At first glance, you look at System.Data.SqlServer and see a few classes that look strange, but most everything looks the same as with the SqlClient provider. The big perf improvements, however, come from using the classes that look strange and are different. That's why they are there, to allow efficiencies that you can't get (like not allocating a buffer to receive a rowset) on the client. But you wouldn't send a rowset back to the "client" from the client, this only happens in a procedure inside SQL Server. On the server it's a whole different ballgame.

 

Sunday, August 22, 2004 11:14:56 PM (Pacific Standard Time, UTC-08:00)  #    Comments [1]  | 
Friday, August 20, 2004

What's error 6522? It's the error that you always get from an unhandled exception in a SQLCLR stored procedure. If I write a SQLCLR error that throws an unhandled exception (let's write one on purpose):

[SqlProcedure]
public static void ErrorExecute()
{
    SqlCommand cmd = SqlContext.GetCommand();
    // everyone knows Bob can't type
    cmd.CommandText = "select * from authorss";
    SqlContext.GetPipe().Execute(cmd);
}

using it from T-SQL:

execute errorexecute
print @@error

Yields:

Msg 208, Level 16, State 1, Line 0
Invalid object name 'authorss'.
Msg 6522, Level 16, State 1, Procedure ErrorExecute, Line 1
A .NET Framework error occurred during execution of user defined routine or aggregate 'ErrorExecute':
System.Data.SqlServer.SqlException: Invalid object name 'authorss'.
   at System.Data.SqlServer.Internal.StandardEventSink.HandleErrors()
   at System.Data.SqlServer.Internal.RequestExecutor.HandleExecute(EventTranslator eventTranslator, SqlConnection conn, SqlTransaction tran, ClrLevelContext clrlvlctxtPipe, UrtExecutionType uetType, InternalResultSetOptions irsoOpts, CommandBehavior eBehavior, Object& objResult)
   at System.Data.SqlServer.Internal.RequestExecutor.ExecuteToPipe(SqlConnection conn, SqlT.
6522

Not that @@ERROR returns 6522, NOT 208. If you write an equivalent bad T-SQL proc:

create procedure errortsql
as
-- cant type any better in TSQL
select * from authorss
go

execute errortsql
print @@error

returns 208.

Why does this matter? Say that I have a T-SQL stored procedure (not this one, obviously) that I want to replace with a SQLCLR equivalent that say, runs faster. Say the procedure is used in 20 places in my application, each with semantics that check for specific values of @@ERROR. Won't work the same.
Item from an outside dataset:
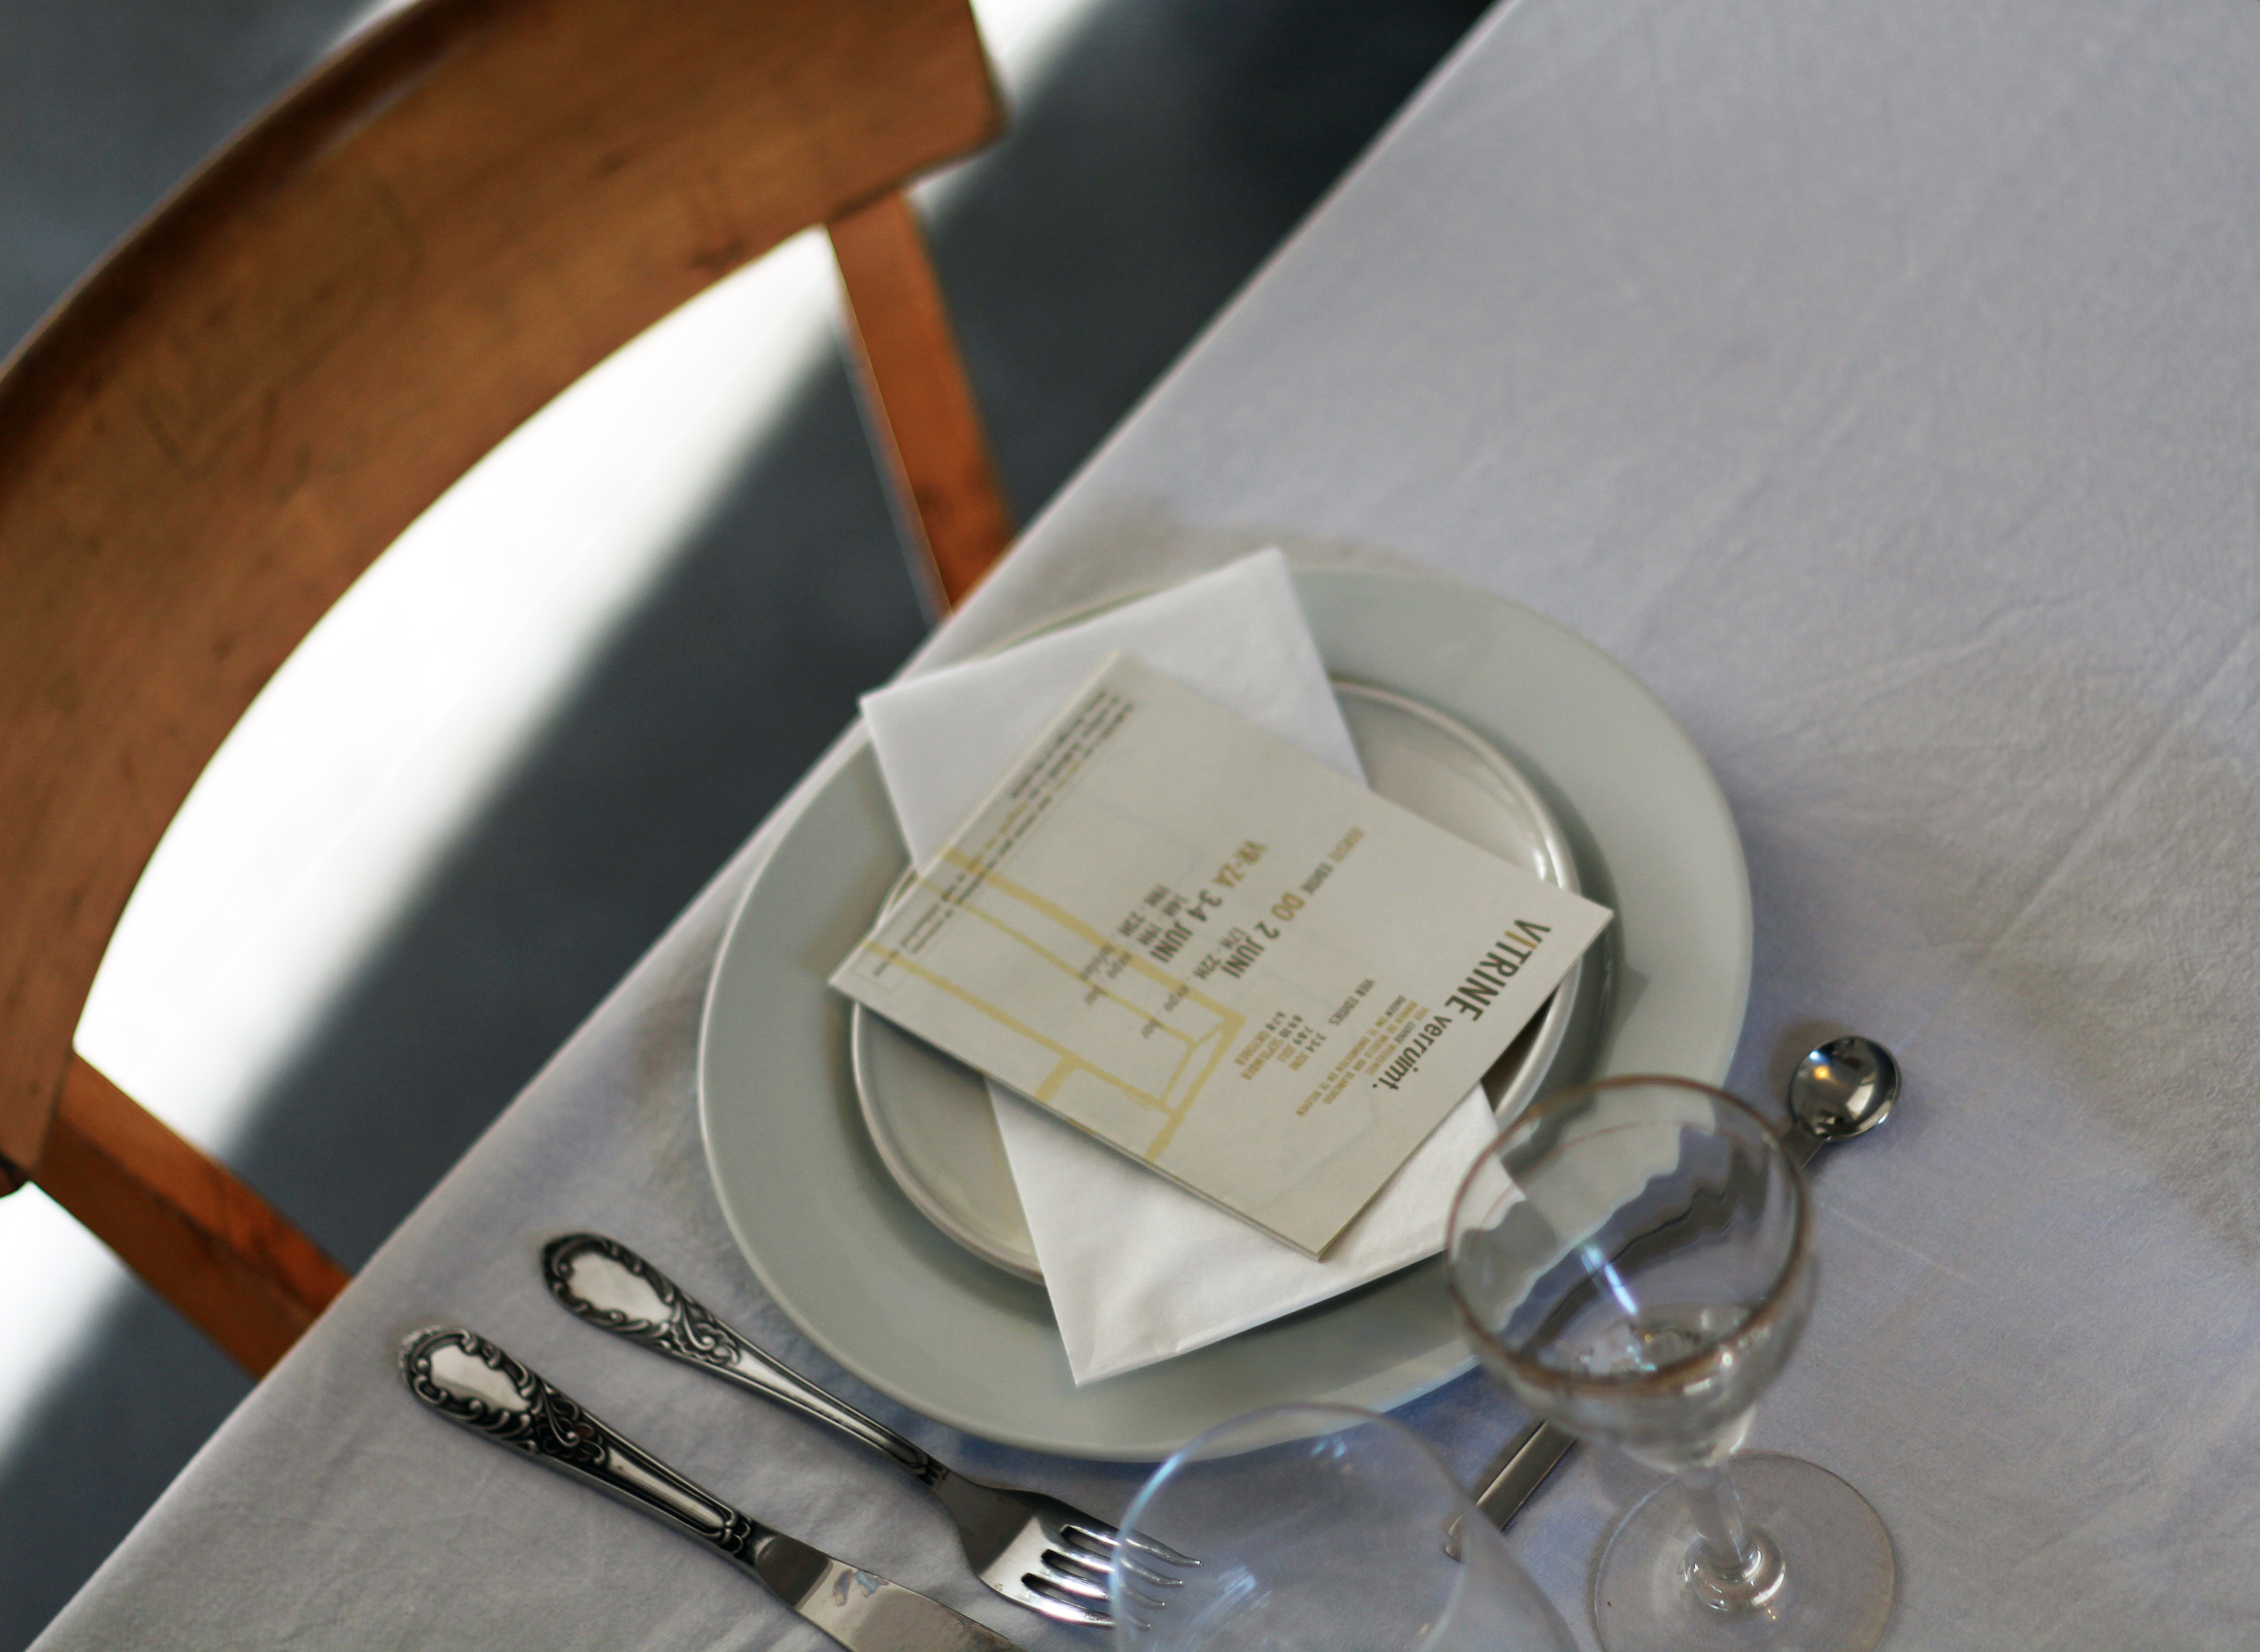 tafels09.jpg
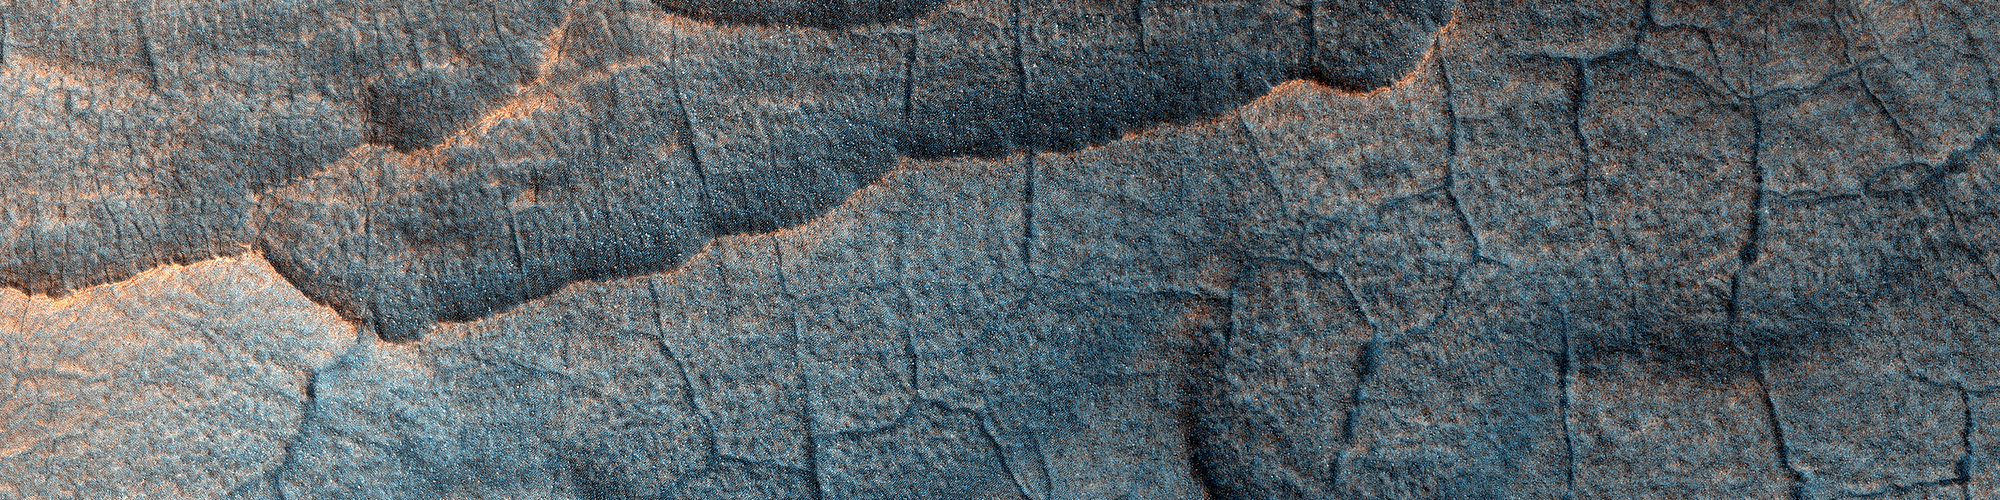 Die Oberfl�che von Utopia Planitia

You can't catch the exception in SQLCLR and throw the "correct" one (using a SqlCommand with CommandText of RAISERROR(...)) either, because you can't throw a 208 error (or any other system error) with RAISERROR. So I'll have to change each one of my caller procs too when I switch to SQLCLR. The only current workaround is to change to the new T-SQL try-catch syntax

BEGIN TRY
  EXECUTE errorexecute
END TRY
BEGIN CATCH
  -- prints 208, whew...
  PRINT CONVERT(varchar(10), error_number())
END CATCH

Hopefully this will be changed or a workaround in SQLCLR will be available in the next beta. I want @@ERROR to somehow return 208, not 6522. Or this will be a great motivator for everyone to change to T-SQL TRY-CATCH.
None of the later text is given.